Excellent Prime Child with a great wingspan...congrat's.


----------



## emydura (Aug 18, 2016)

Congratulations. Well deserved.


----------



## abax (Aug 18, 2016)

All the flowers have a very bold stance. WOOHOO congratulations!!!!


----------



## Secundino (Aug 19, 2016)

CambriaWhat said:


> Prime Children?



:rollhappy::rollhappy::rollhappy:

As my 'congratulation-post' misteriously disappeared, here it is again: Congratulations! A very nice and stately plant!


----------



## rdlsreno (Aug 20, 2016)

Congratulations!!!!!

Ramon


----------



## Wendy (Aug 20, 2016)

Well done!


----------



## John M (Aug 23, 2016)

Wonderful!


----------



## Justin (Aug 24, 2016)

awesome--backcrossed onto a dark roth would be great.


----------



## AdamD (Nov 11, 2016)

http://midamericajudgingcenter.org/Award_Aug2016.html

Scroll to bottom


----------



## NYEric (Nov 11, 2016)

Congrats.


----------



## My Green Pets (Nov 12, 2016)

They finally updated it.

I am really unimpressed with the photography. Slippertalk has spoiled me.


----------



## AdamD (Nov 12, 2016)

CambriaWhat said:


> They finally updated it.
> 
> I am really unimpressed with the photography. Slippertalk has spoiled me.

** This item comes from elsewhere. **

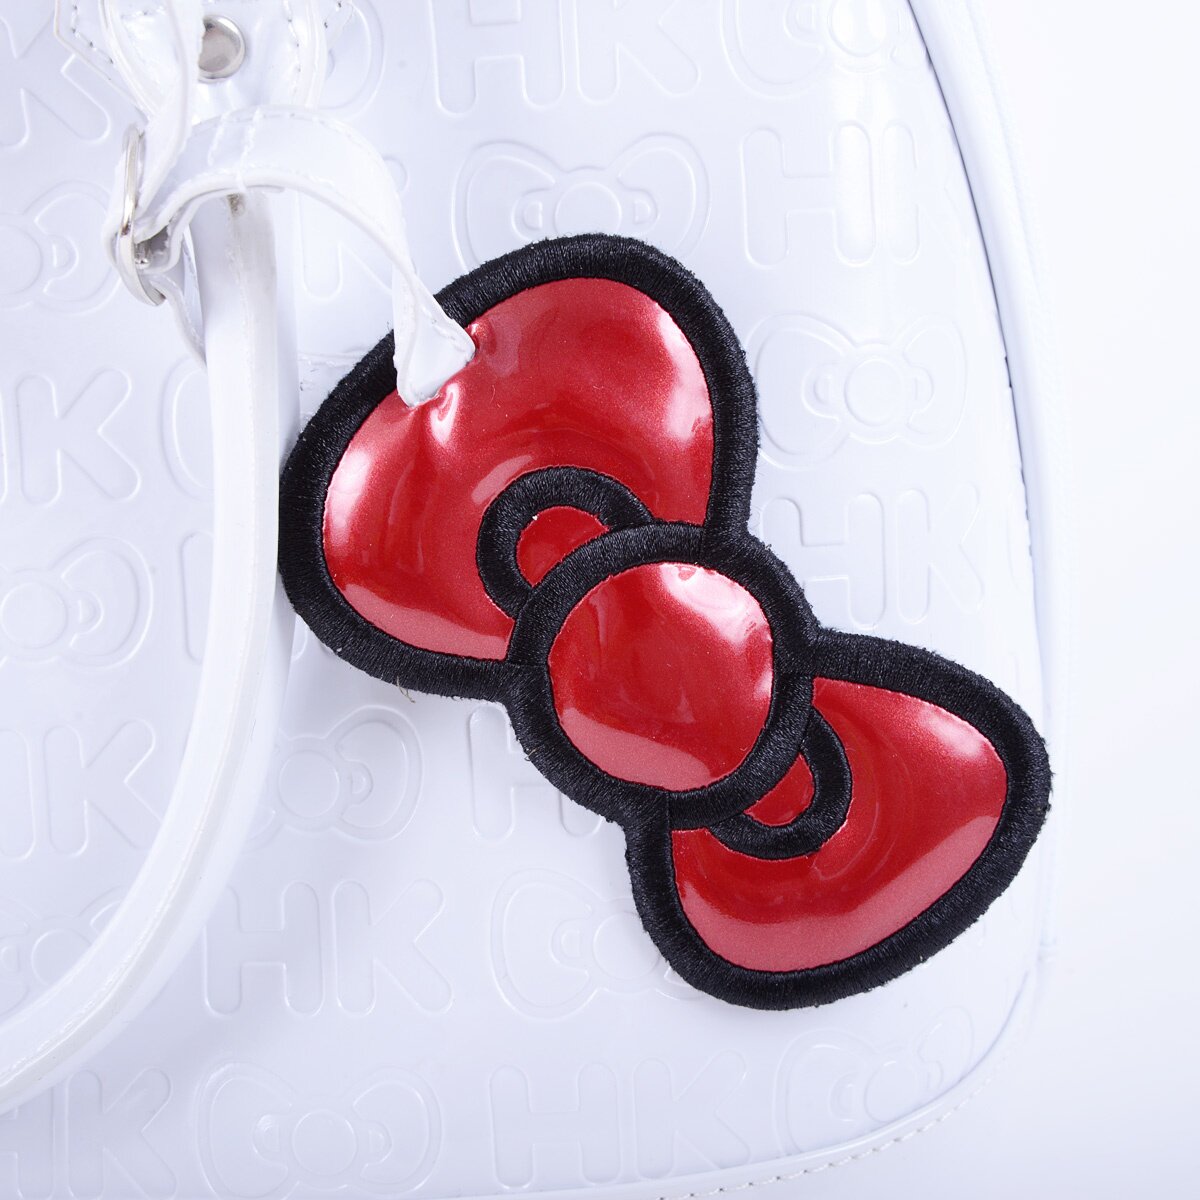 Hello Kitty Charcoal Embossed Pattern Hand Bag: Sanrio - Tokyo
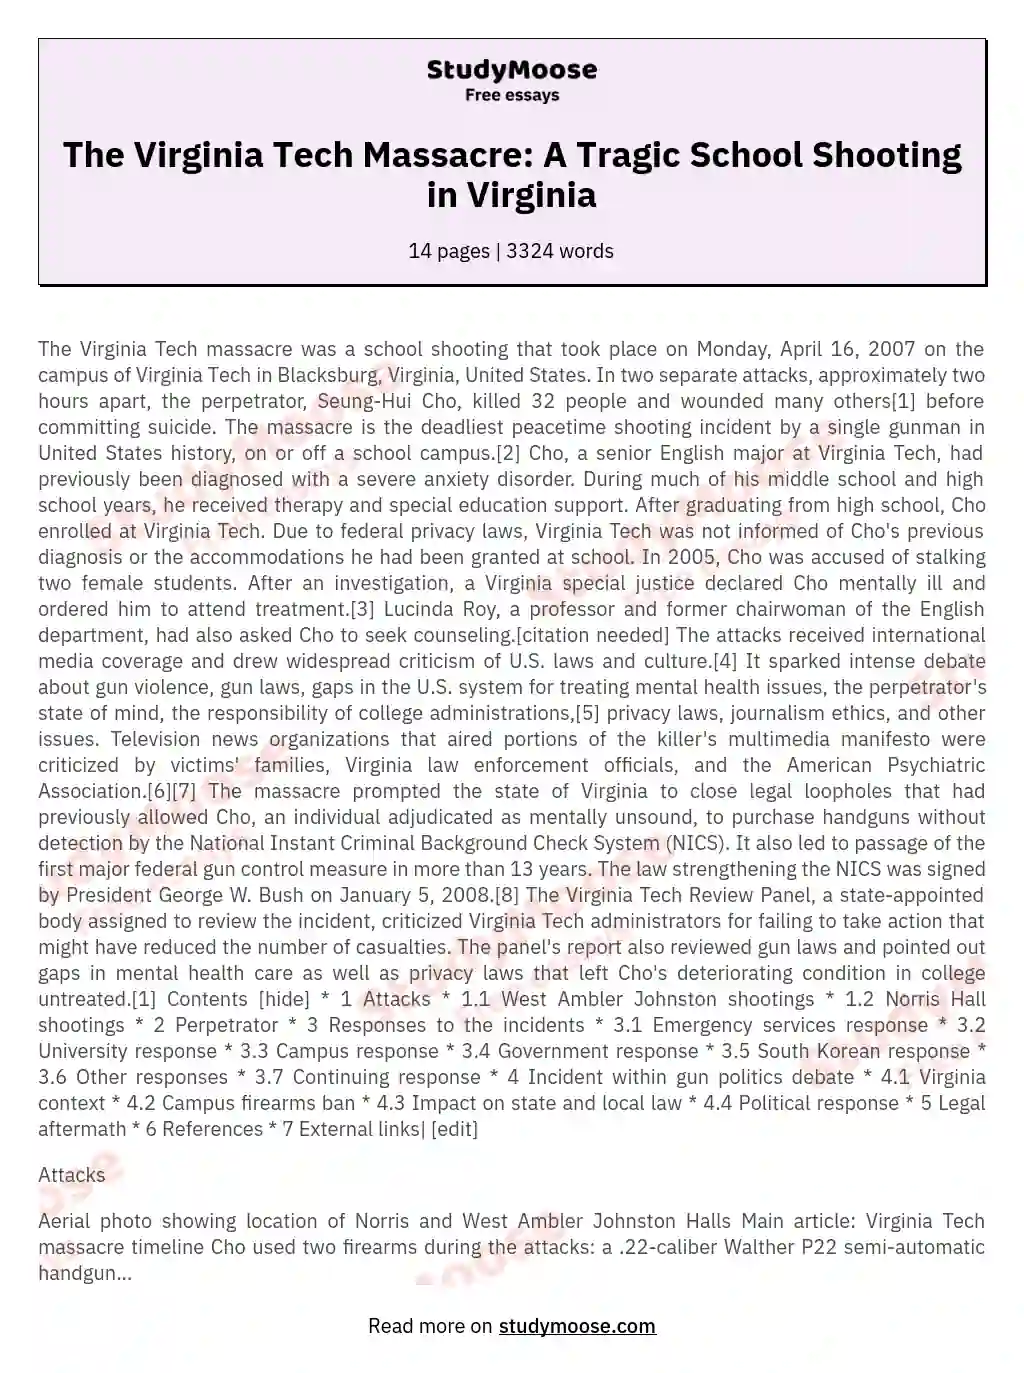 The Virginia Tech Massacre: Impact and Responses essay

Photography has never been Mid-America Judging group's strong point... There have been some terrible photos. Good thing we don't produce a lot of FCCs.


----------



## My Green Pets (Nov 12, 2016)

I would like to earn one  and if I do I will take my own damn photo


----------



## RandyT (Nov 14, 2016)

Love the dorsal, petal stance and spacing.


----------